Le renouveau de l’ornement
Retour ou réinvention de l’ornementation en Architecture

Stanley Duré

Université de Laval
9 décembre 2022

L’ornement n’est plus un crime. Durant une grande partie du 20e siècle, cela n’a pas toujours été le cas. Le style
international fortement influencé par le texte Ornement et Crime d’Adolf Loos (1908), suivi par les modernistes ont
perverti l’utilisation de l’ornementation en architecture la rendant ainsi tabou et exclu du processus de design. Avec
l’Essor du mouvement Post-Moderne, les théories du Chaos et de la complexité ainsi que les nombreuses avancées
technologiques dans le domaine, l’ornementation se voit faire une réapparition triomphante dans l’Architecture
contemporaine. Néanmoins, l’utilisation de l’ornementation architecturale d’aujourd’hui n’a que peu de similitudes
avec les concepts ornementaux méprisés avant la modernité. En effet, l’aspect de décoration sculptural et la
dimension symbolique de l'ornementation s’est vu remplacer par une approche de motifs altérant les surfaces
pouvant remplir différentes fonctions (Picon, 2013). Ainsi, pouvons-nous vraiment dire que nous assistons au retour
de l’ornementation au 21e siècle, ou plutôt à la réinvention et à la redéfinition du terme d’ornementation en
architecture? Il s’agirait donc dans cet essai de se pencher sur cette question en évaluant la pertinence, la nécessité et
la signification de l'ornementation de nos jours sous un point de vue technologique, tectonique, structurel et
esthétique.

Ornement et Technologie/tectonique

En premier lieu, l’avènement du numérique et des nouvelles technologies de production ont drastiquement modifié la
notion d’ornement dans le design. Effectivement, l’application de nouvelles méthodes de dessin assisté par
ordinateur (CAD) ainsi que de nouveaux logiciels informatiques paramétriques permettent de créer des motifs
ornementaux avec une facilité et une précision déconcertante (Celani, 2017). Contrairement aux critiques de Loos
qui affirmait que l’homme est incapable de créer de nouveaux motifs, la conception informatique augmentée offre
pourtant une multitude infinie et unique de nouveaux designs ornementales.

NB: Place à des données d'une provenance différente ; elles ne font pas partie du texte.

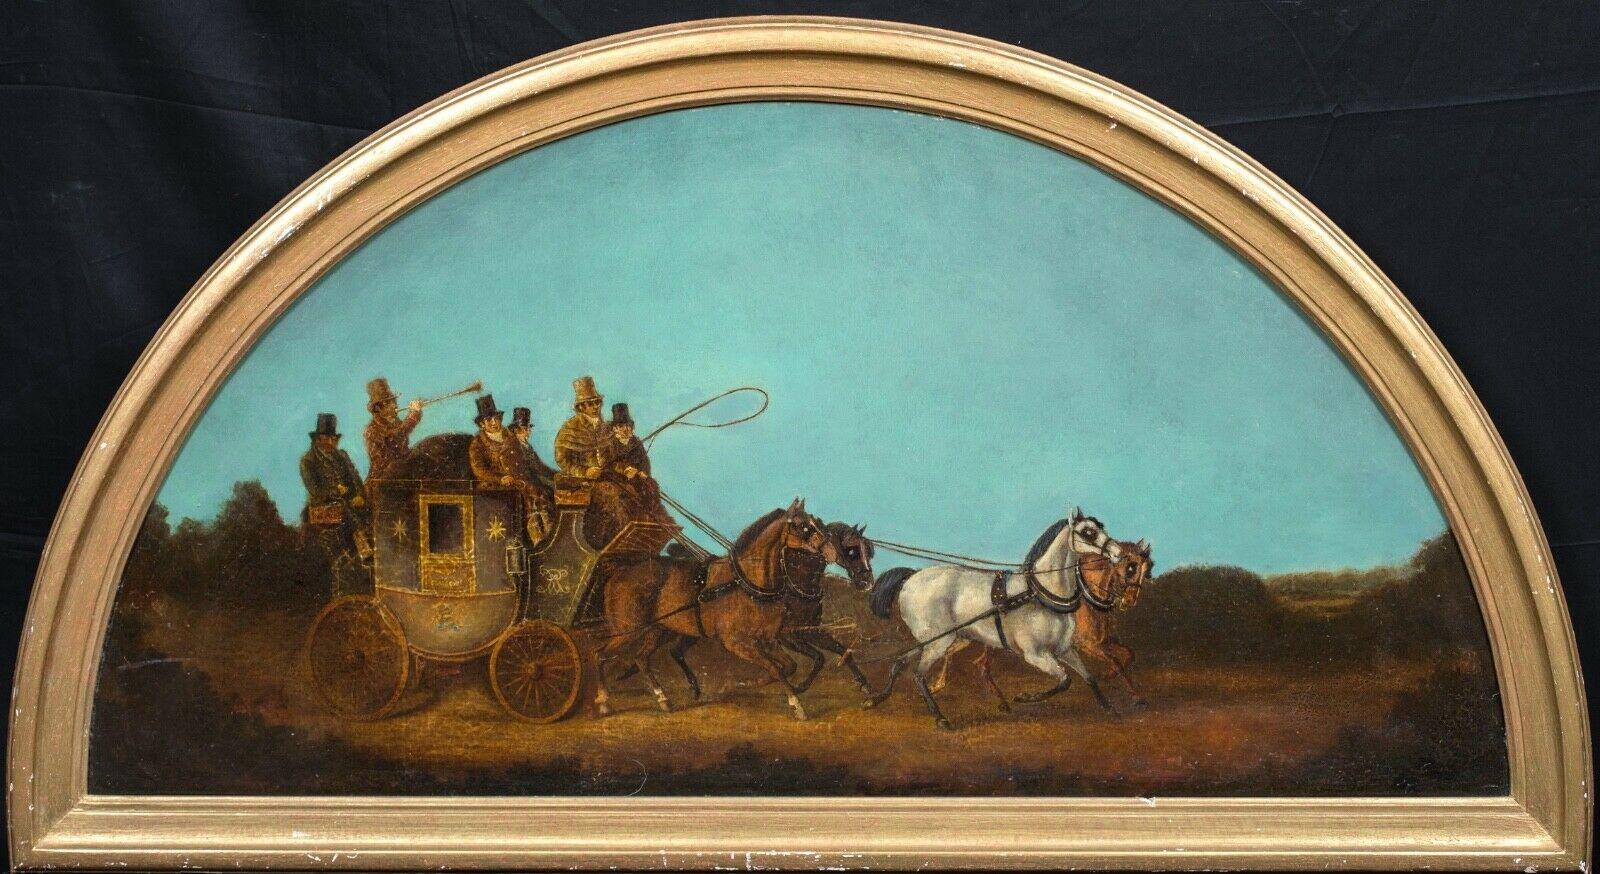 Unknown Portrait Painting - The Night Royal Mail Coach To London, 19th Century

D’autant plus sa conception améliorée, l’apport du technologique a également facilité sa production physique grâce à
une combinaison des outils informatiques et de la fabrication digitale. En fait, ces géométries complexes générées
par ordinateur peuvent désormais se matérialiser grâce à des machines programmables comme la découpeuse laser,
CNC, jet d’eau pressurisé, imprimante 3D, bras robotique, etc. (Celani, 2017) Ce processus interactif intéressant
présente de nombreux avantages. D’une part, il optimise la productivité et la précision de la création d’ornements
comparativement à une main d'œuvre artisanale. D’une autre part, sa modélisation numérique nous permet de
visualiser en 3D en temps réel, transformant ainsi la conception d’ornement comme partie intégrale au processus et
décision de design du début à la fin et non comme un élément décoratif ajouté de façon superflu. Toutefois, certaines
contraintes de cette méthode digitale peuvent changer l’agencement tectonique des différentes pièces de
l’ornementation lors de la construction physiques. Tout dépendamment de la technique utilisée, les logiciels ne
prennent pas nécessairement en considération la nature du matériau et ses propriétés pouvant ainsi altérer son
assemblage tectonique (Meibodi. Aghaiemeybodi, 2017).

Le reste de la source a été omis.